:: Problem details ::
Transcribe the data exactly, pictures excluded.

:: Dataset extract ::
___
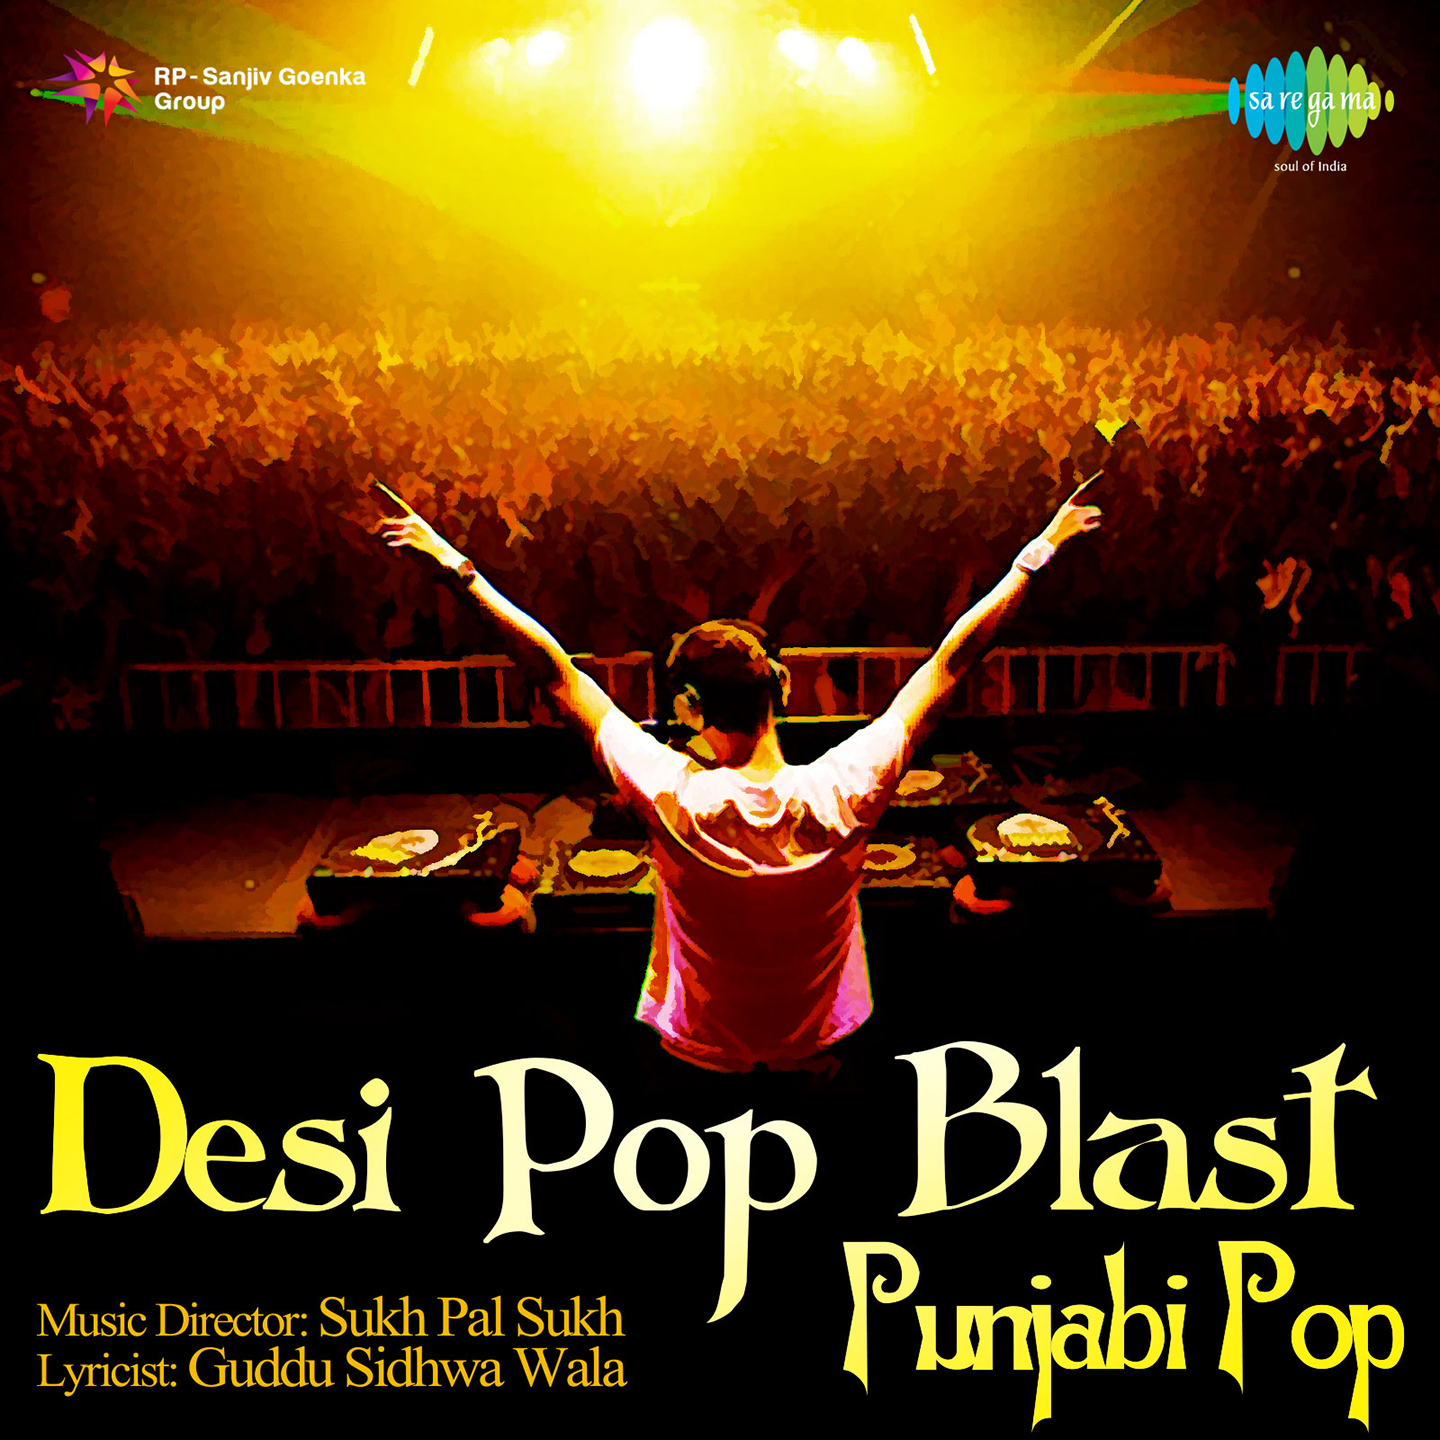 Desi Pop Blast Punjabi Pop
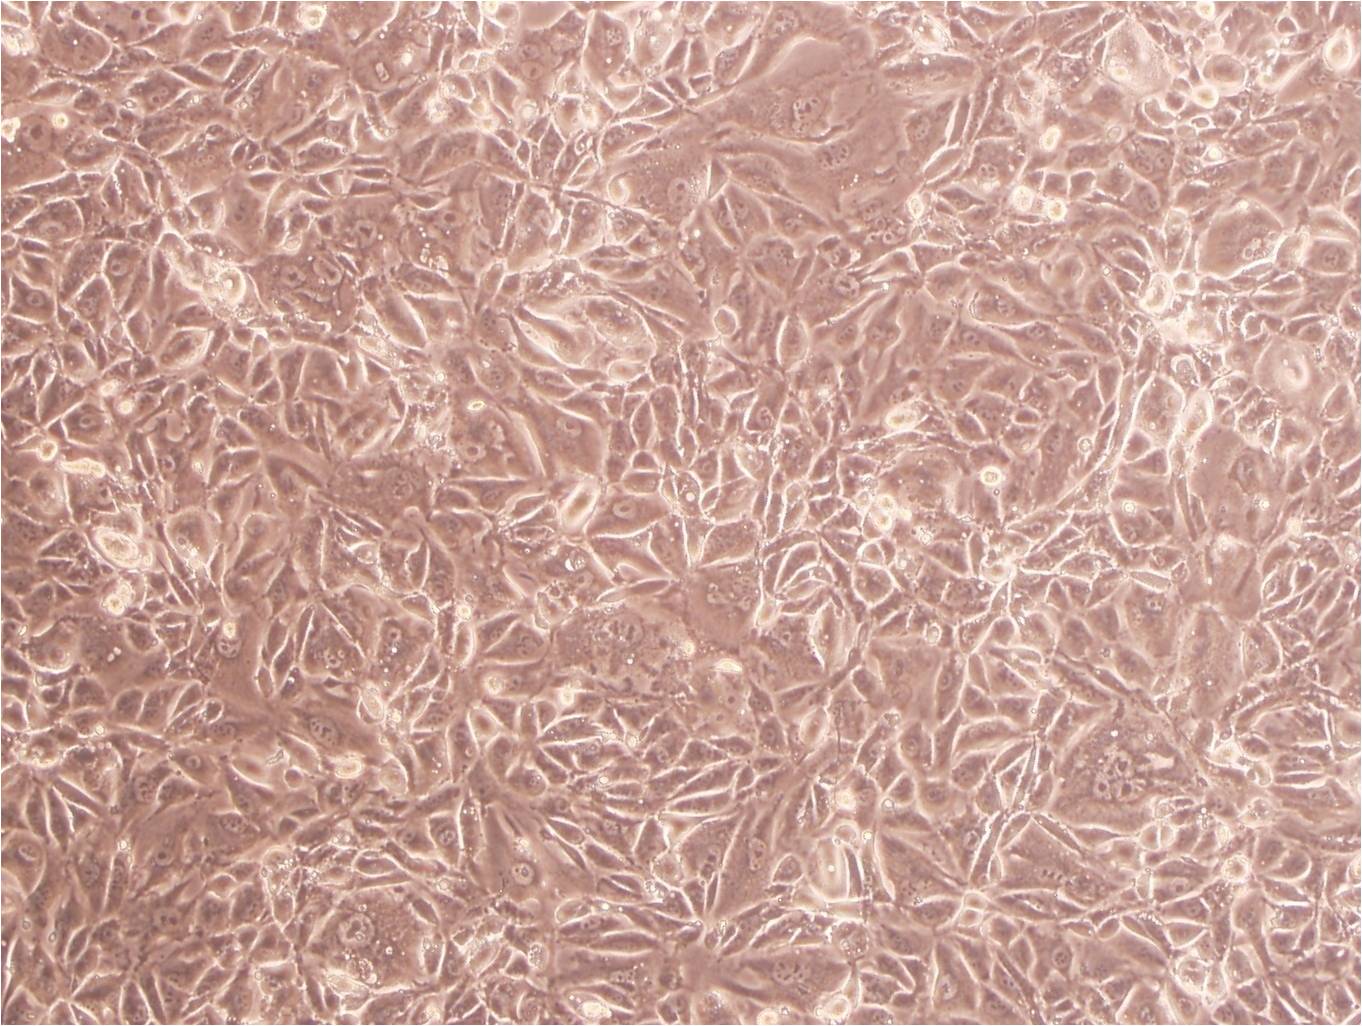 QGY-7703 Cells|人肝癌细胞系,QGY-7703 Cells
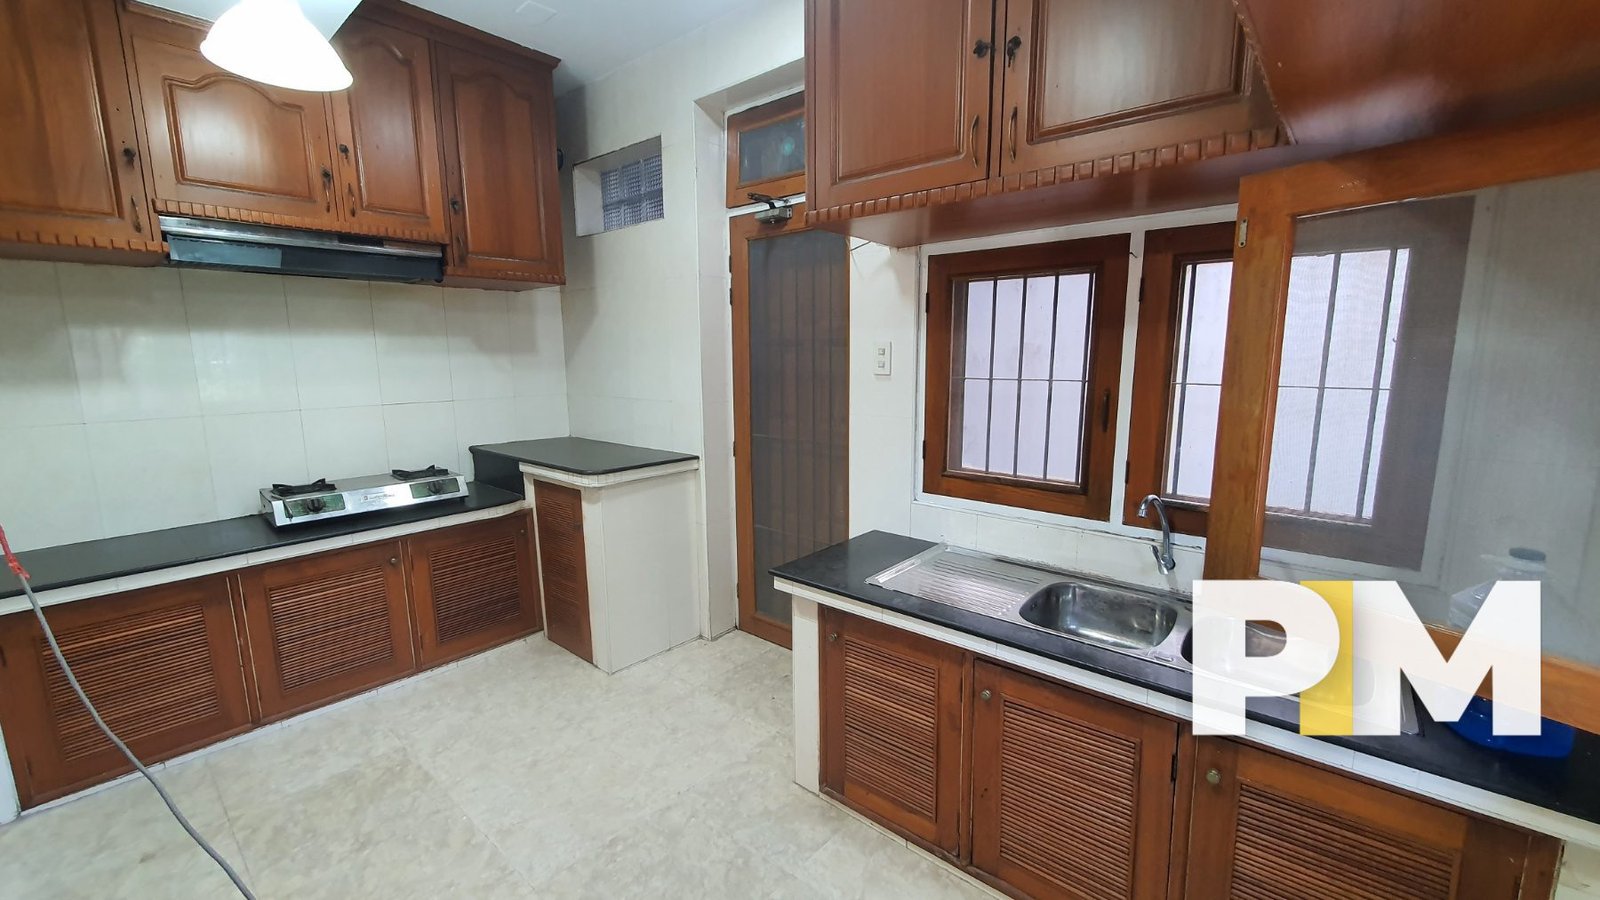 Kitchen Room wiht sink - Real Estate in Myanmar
___
:: Finished task ::
 Desi Pop Blast Punjabi Pop
 QGY-7703 Cells|人肝癌细胞系,QGY-7703 Cells
 Kitchen Room wiht sink - Real Estate in Myanmar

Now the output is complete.